衛民硯田耕耘已近三十個春秋,無論傳統的借鑒,或是風格的塑造,始終有著自己獨立的思考。
這里,無須回眸他走過的一個個足跡。從那大量的草書作品中,首先便可顯見地覺到祝枝山之使轉精神及結構氣息。若細細解讀,則會發現在不同之作品中每每透出孫虔禮的蘊藉、黃魯直的奇縱、王鐸的跌宕、傅山的酣暢,偶或可見王世鏜、王遽常的章草氣象。
熊秉明先生把草書創作的浪漫主義色彩稱之為“酒神精神”,衛民善飲,此種精神自然表現得很強烈,但又不失理性的把握。他曾說過:“寫這么多人,并不是一時的興趣,該學什么,吸收什么,表現什么,都心中有數?!?/p>
衛民也寫漢、魏諸體,在不多的作品中,頗見渾樸拙古之氣。而他之寫隸書、魏碑,主要是想從中“悟出一些草書的道理”。
衛民酷愛讀書,尤其對先秦文學、唐宋詩詞,更下過大功夫,這在當今書畫界的同齡人中,很是難能而可貴。對書法理論的學習及探討,衛民也耗費了不少時間,已有數萬字的文章見諸報刊。他還喜好畫畫,有很好的素描、色彩及國畫基礎。

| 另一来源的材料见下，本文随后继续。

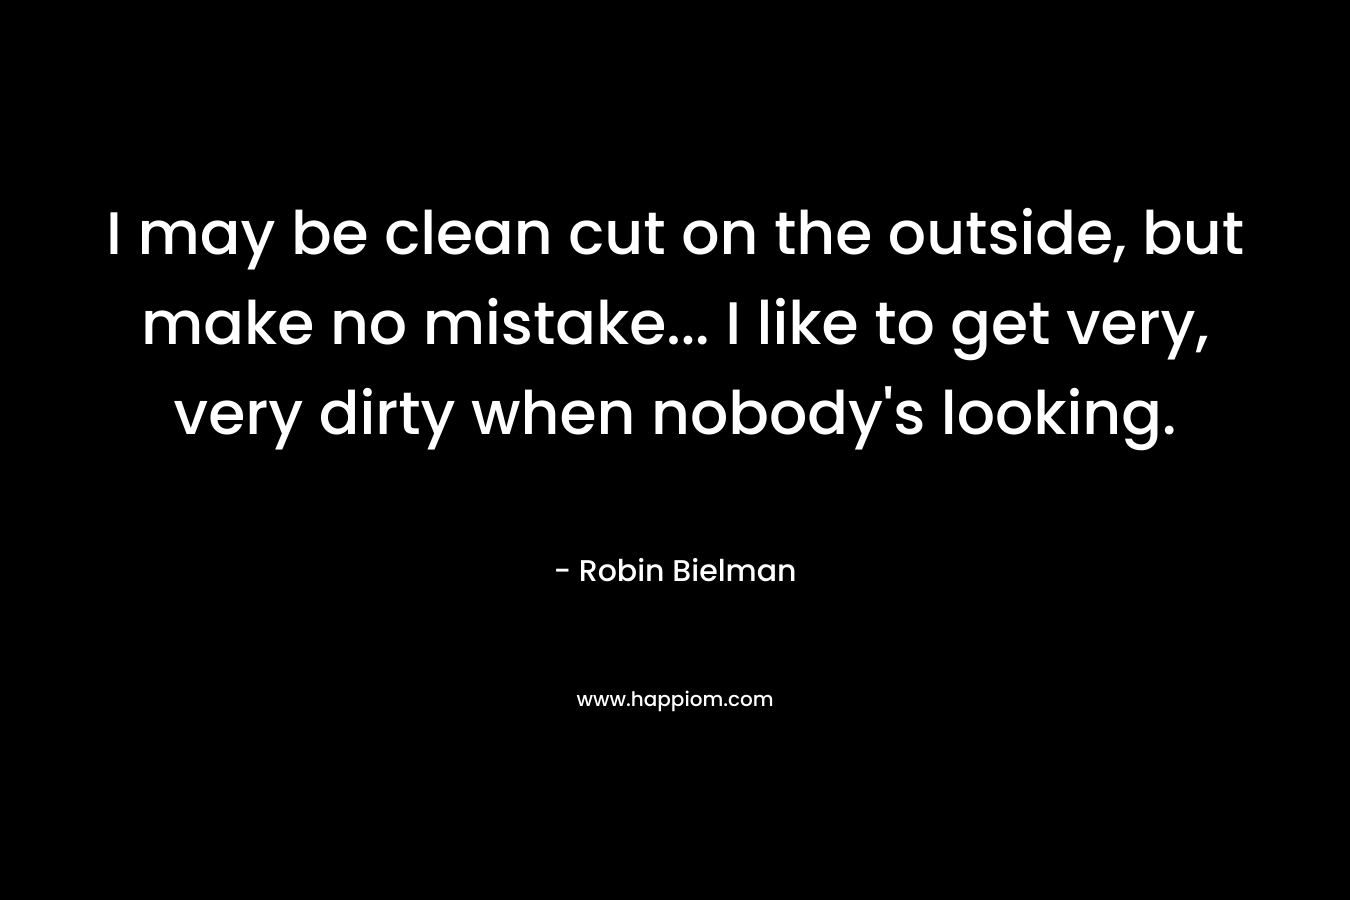 I may be clean cut on the outside, but make no mistake... I like to get very, very dirty when nobody's looking.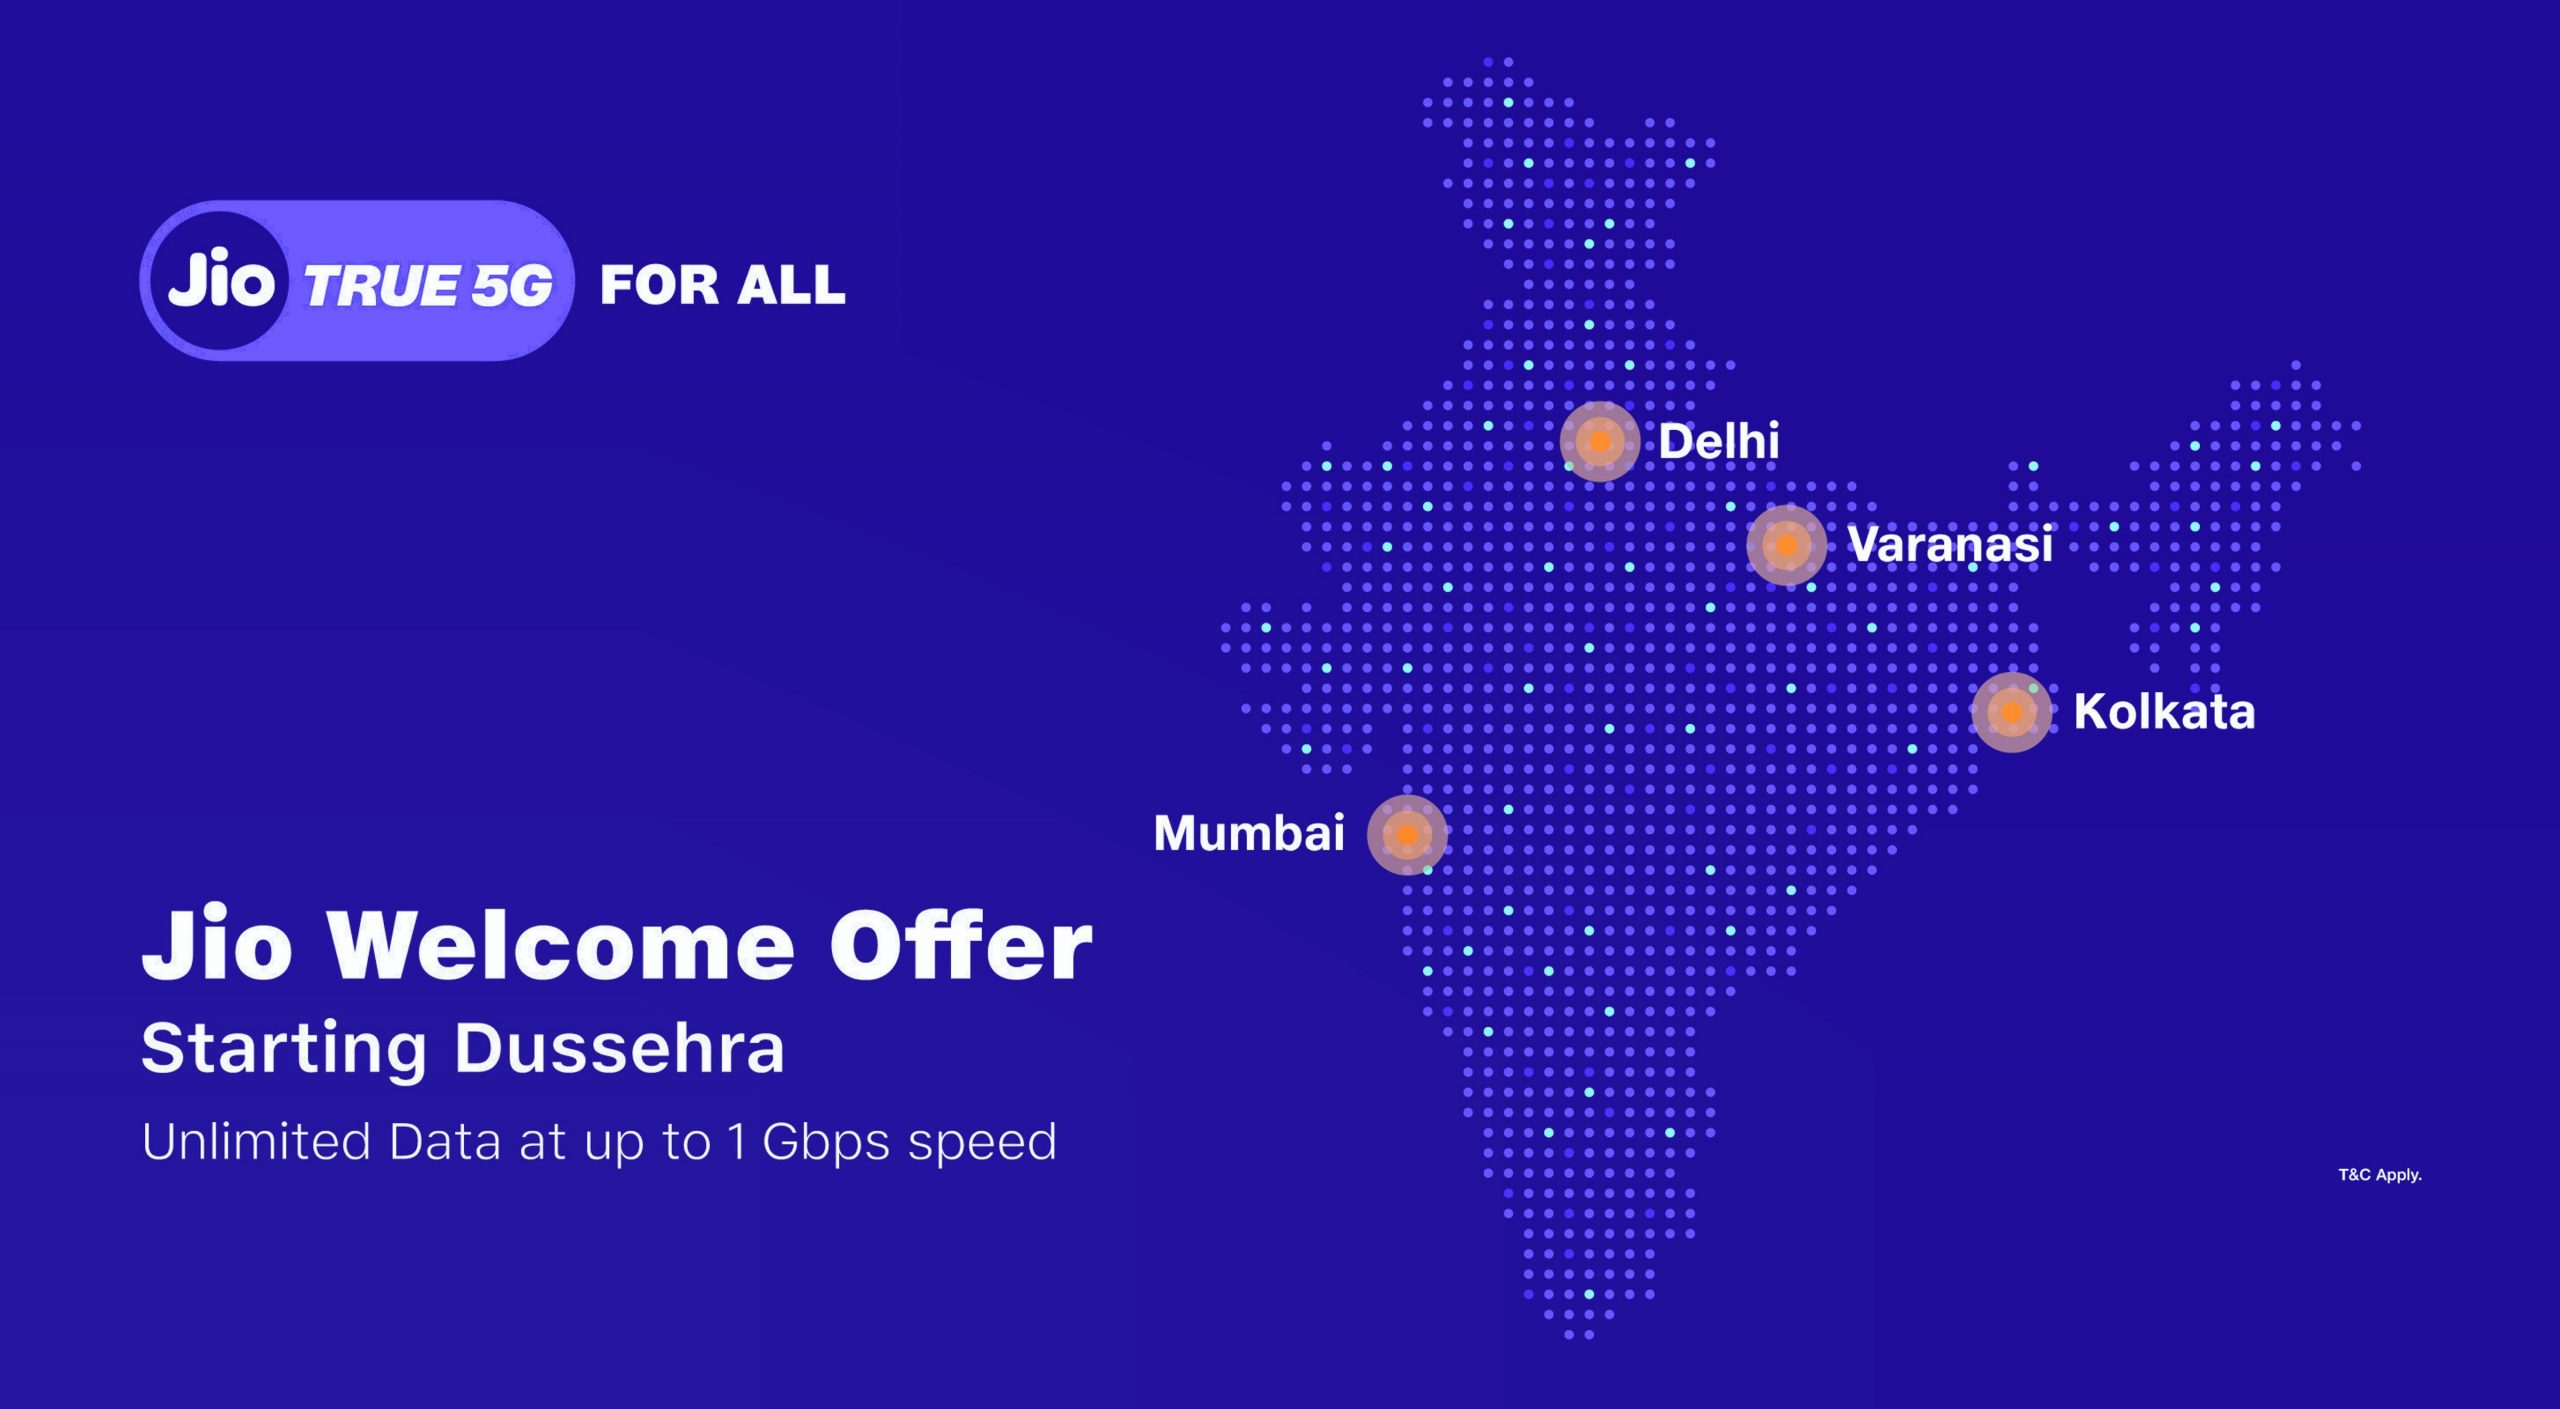 Reliance Jio launches beta trial of Jio True 5G services in four cities

綜合素養的修煉加之辛勤不懈的臨池,換得的成果無疑是豐碩的,全國屆展、全國中青展以及楹聯展、扇面展、隸書展等國家級展覽中都有衛民的作品入選。他那灑脫無羈、性情恣肆的草書,早已為書壇所熟知和認可,他卻從未滿足。自撰聯“不求少年得志,但愿大器晚成”,足見其目標之高遠及用心之良苦。